**Assigned task:**
Copy each line, word for word, from the one with "Stone wall with" through the final line of the listing, but skip the pictures.
Dataset content Start Marker
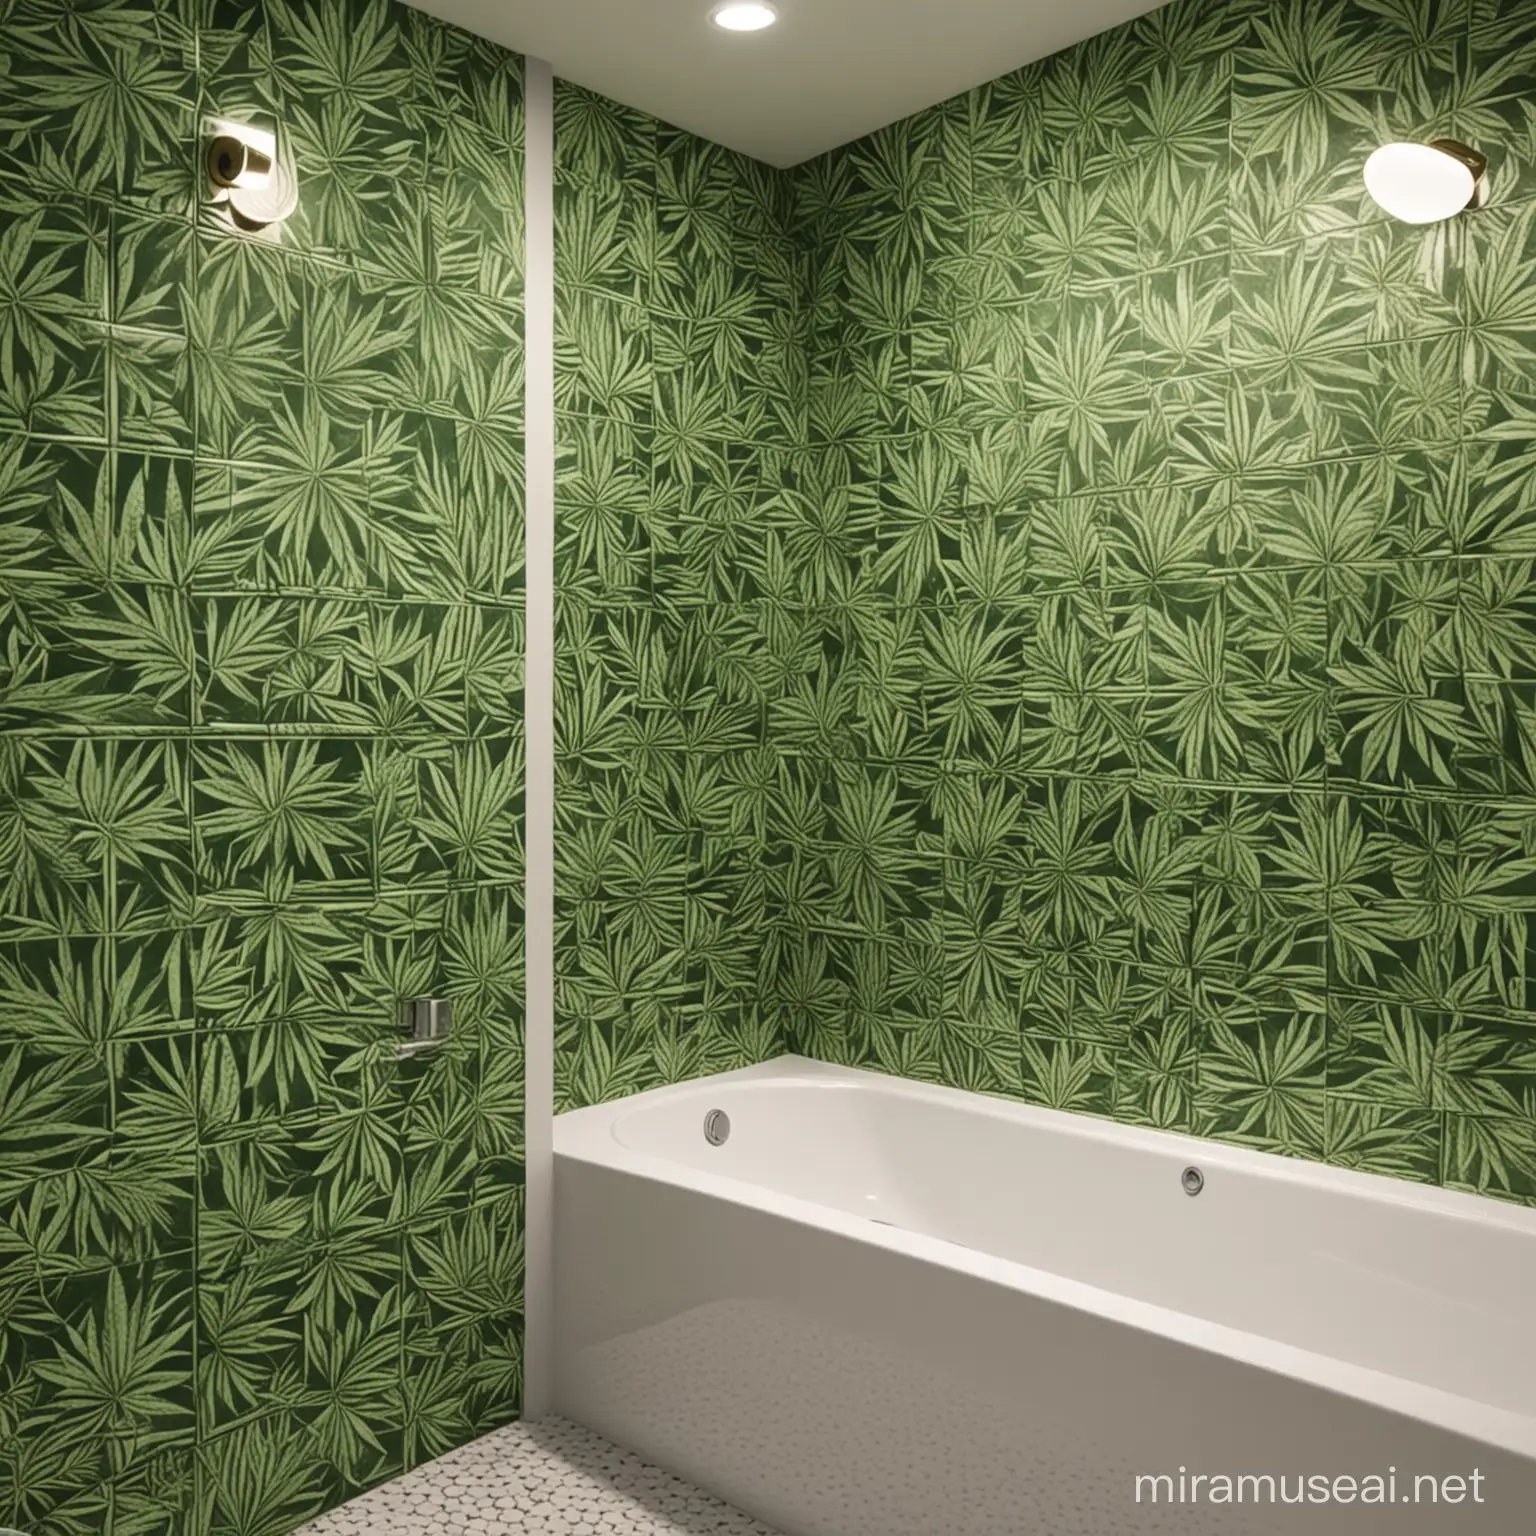 Modern Bathroom with Green Cannabis Leaf Decor Tiles
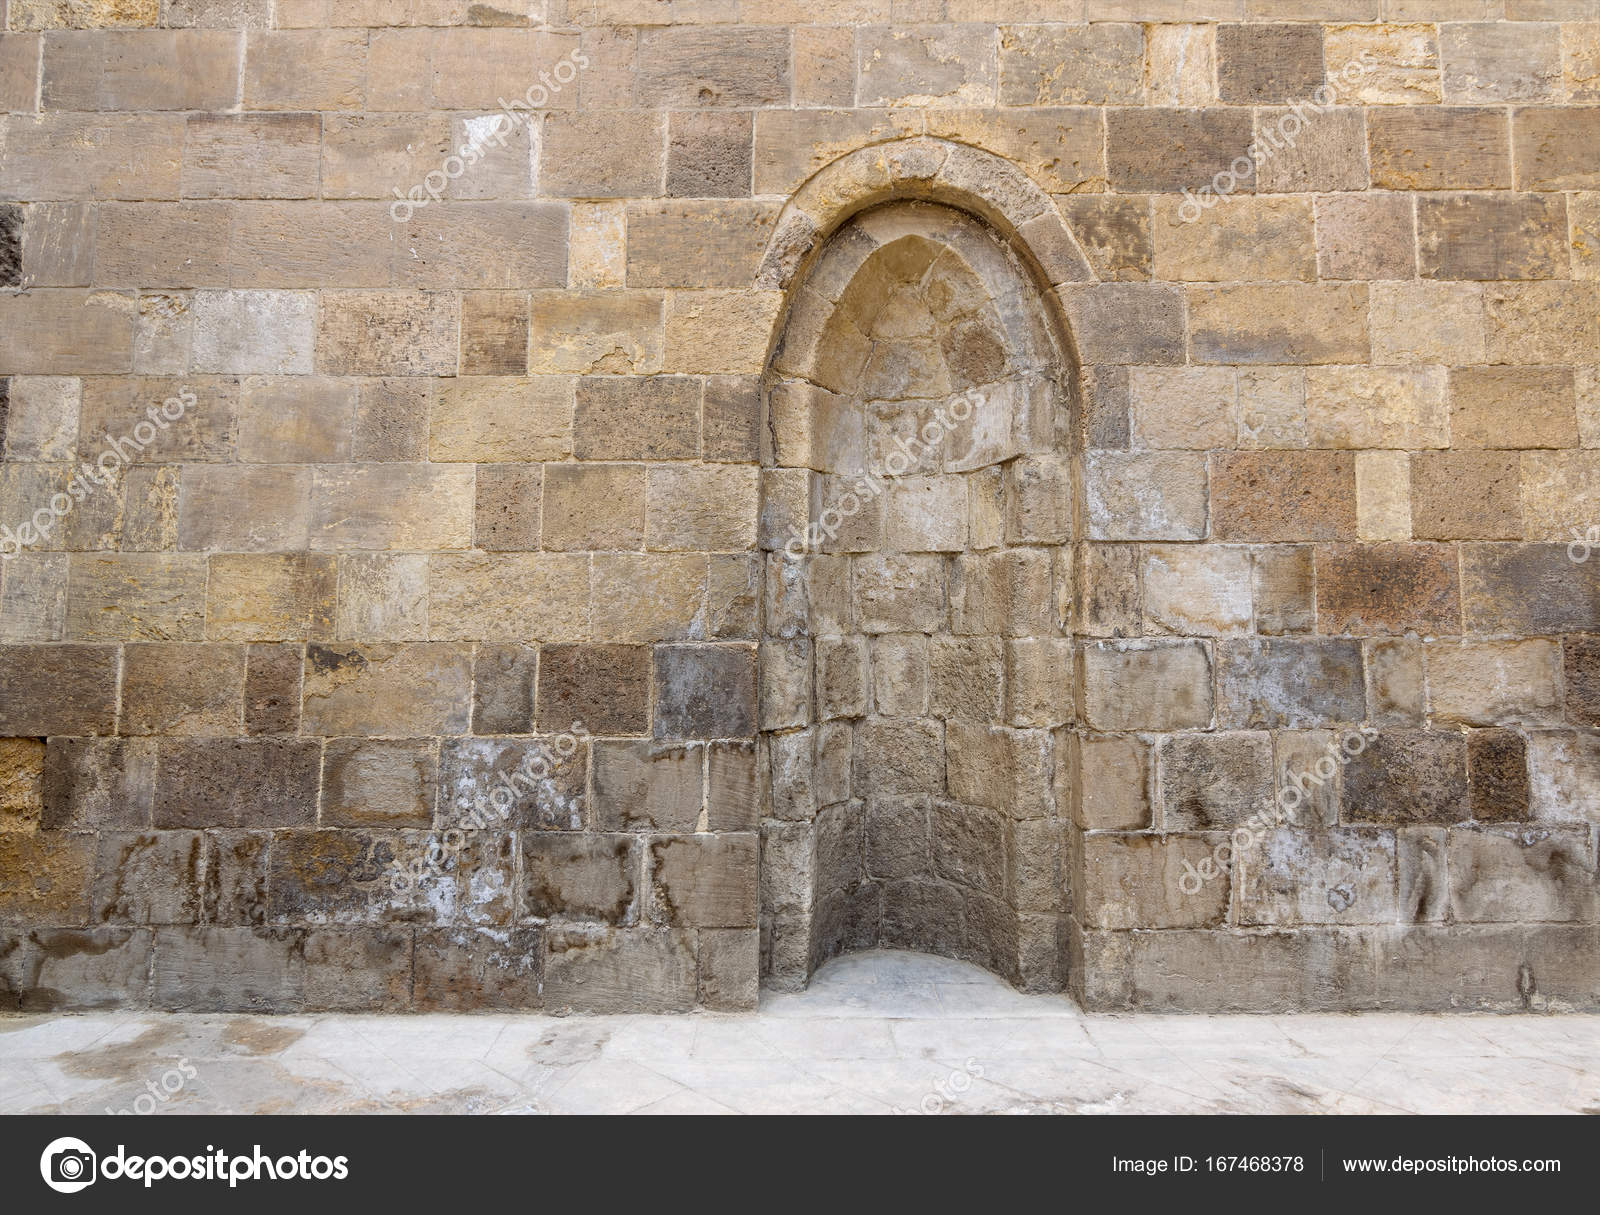 Stone wall with embedded niche — Stock Photo © KhaledElAdawy #167468378
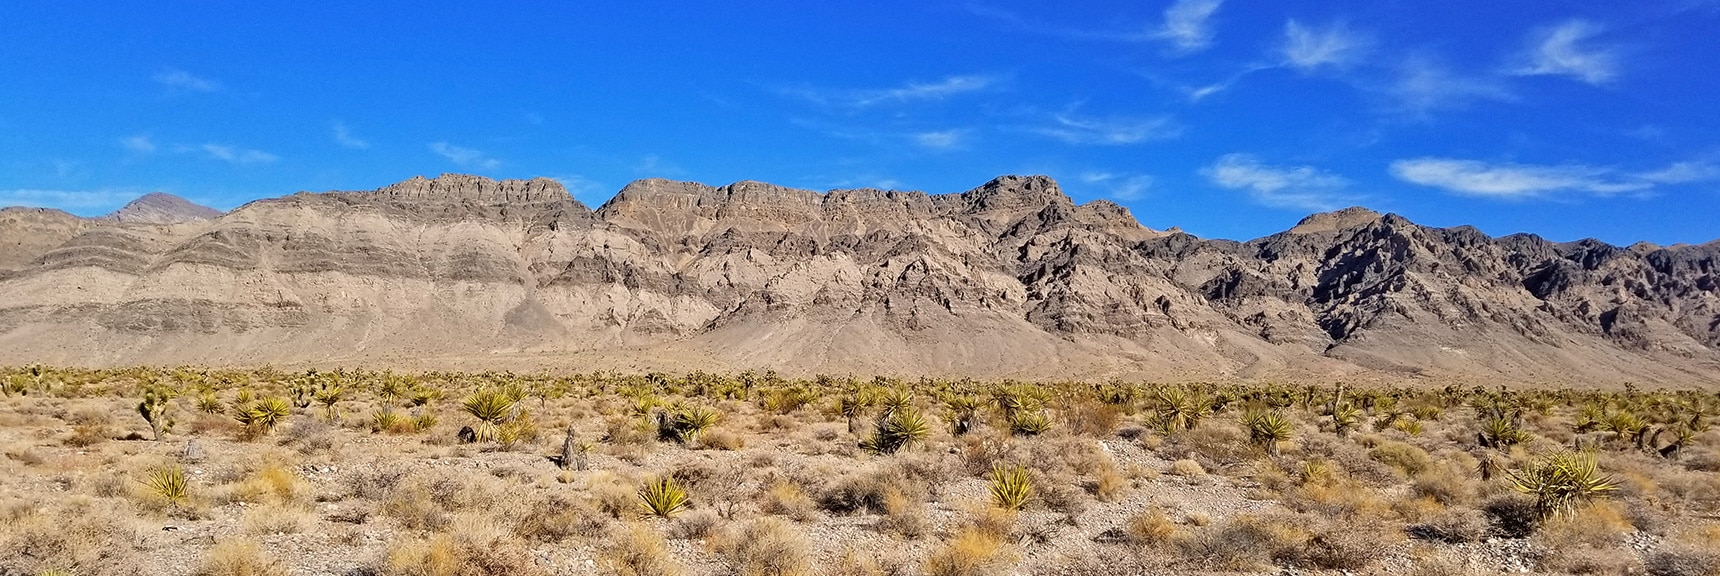 South Side of Fossil Ridge from Gass Peak Road | Gass Peak Road Circuit | Desert National Wildlife Refuge | Nevada
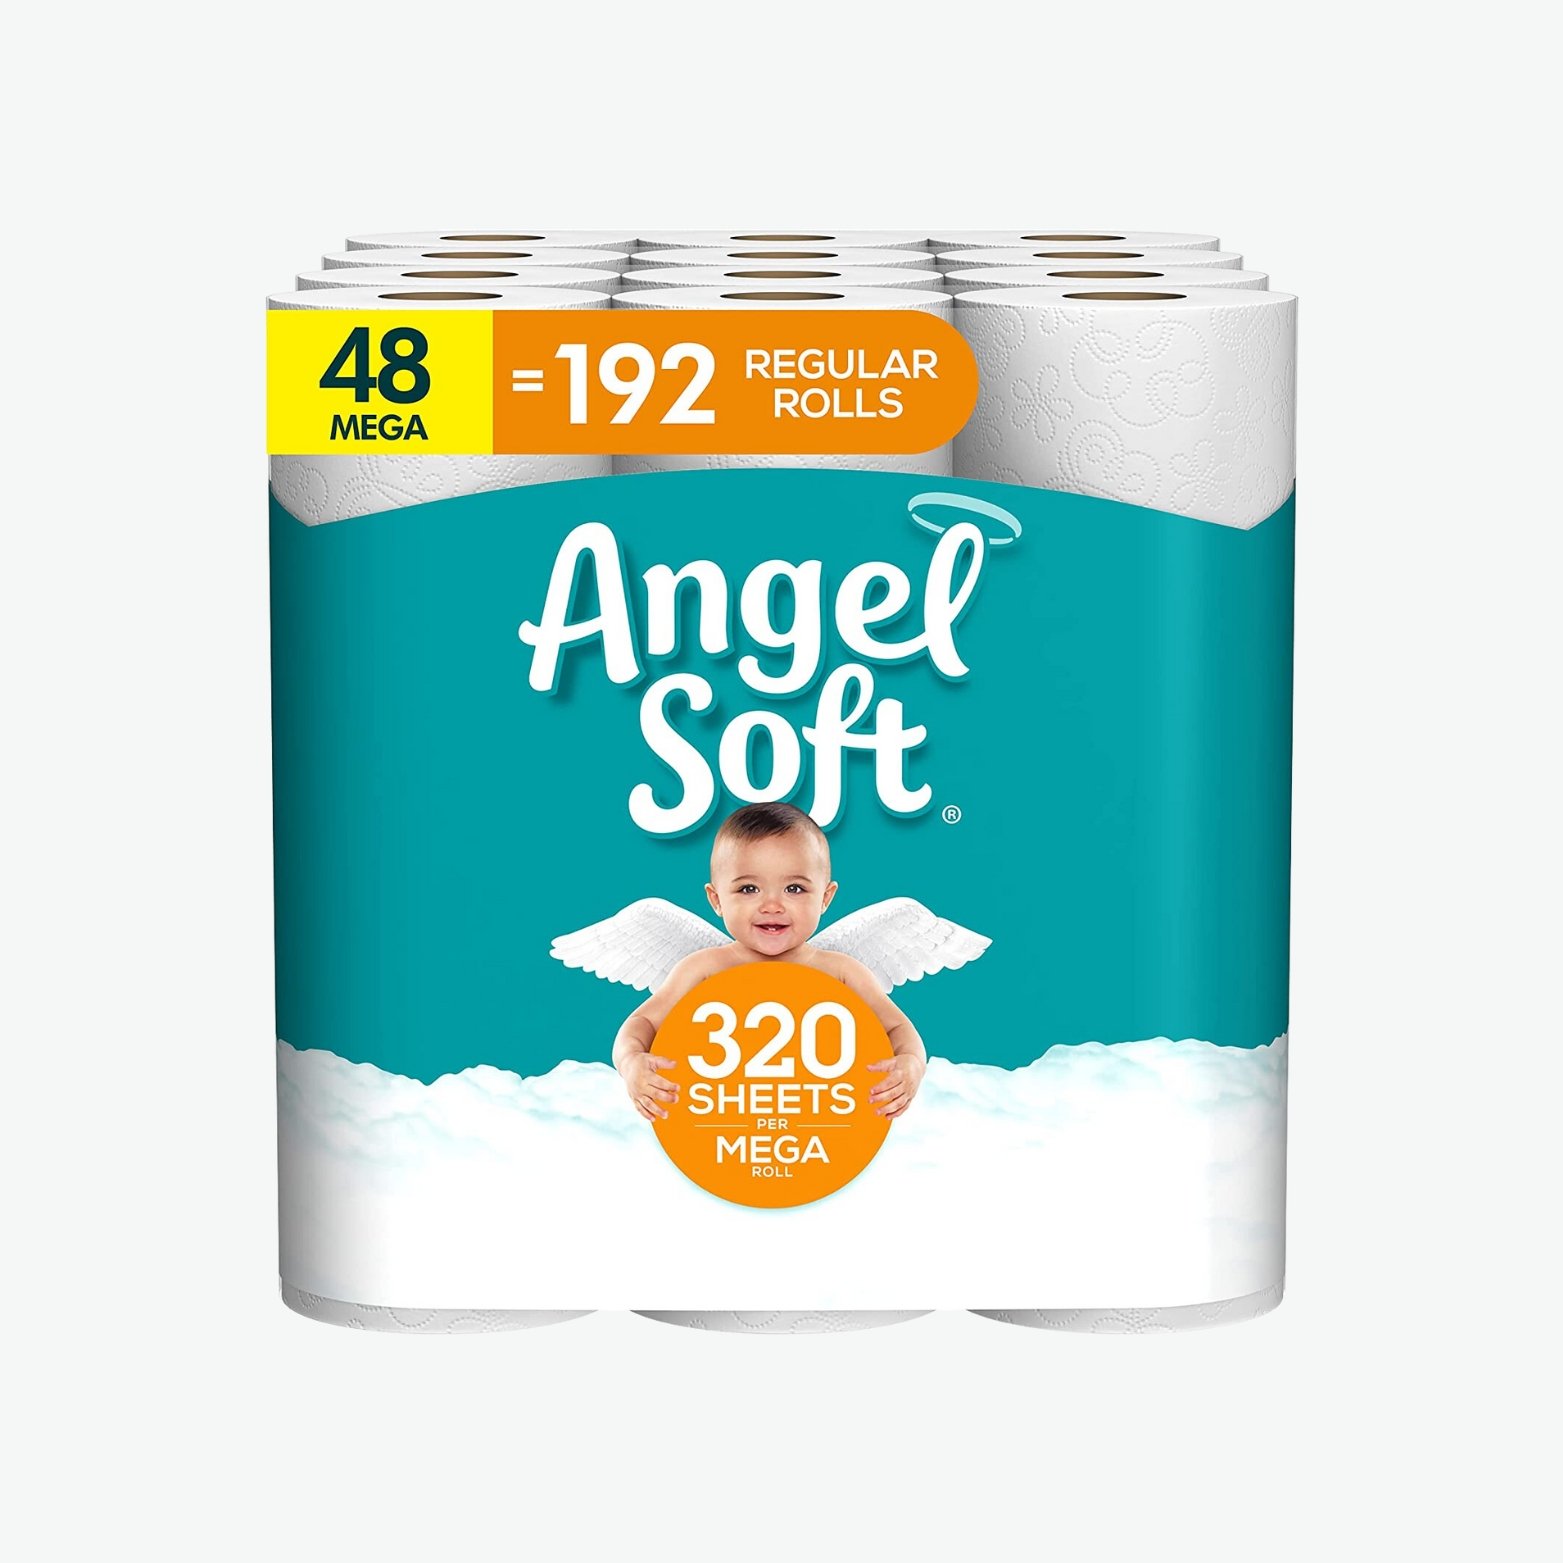 Angel Soft Toilet Paper Pack.jpg
Dataset content End Marker
**Written reply:**
 Stone wall with embedded niche — Stock Photo © KhaledElAdawy #167468378
 South Side of Fossil Ridge from Gass Peak Road | Gass Peak Road Circuit | Desert National Wildlife Refuge | Nevada
 Angel Soft Toilet Paper Pack.jpg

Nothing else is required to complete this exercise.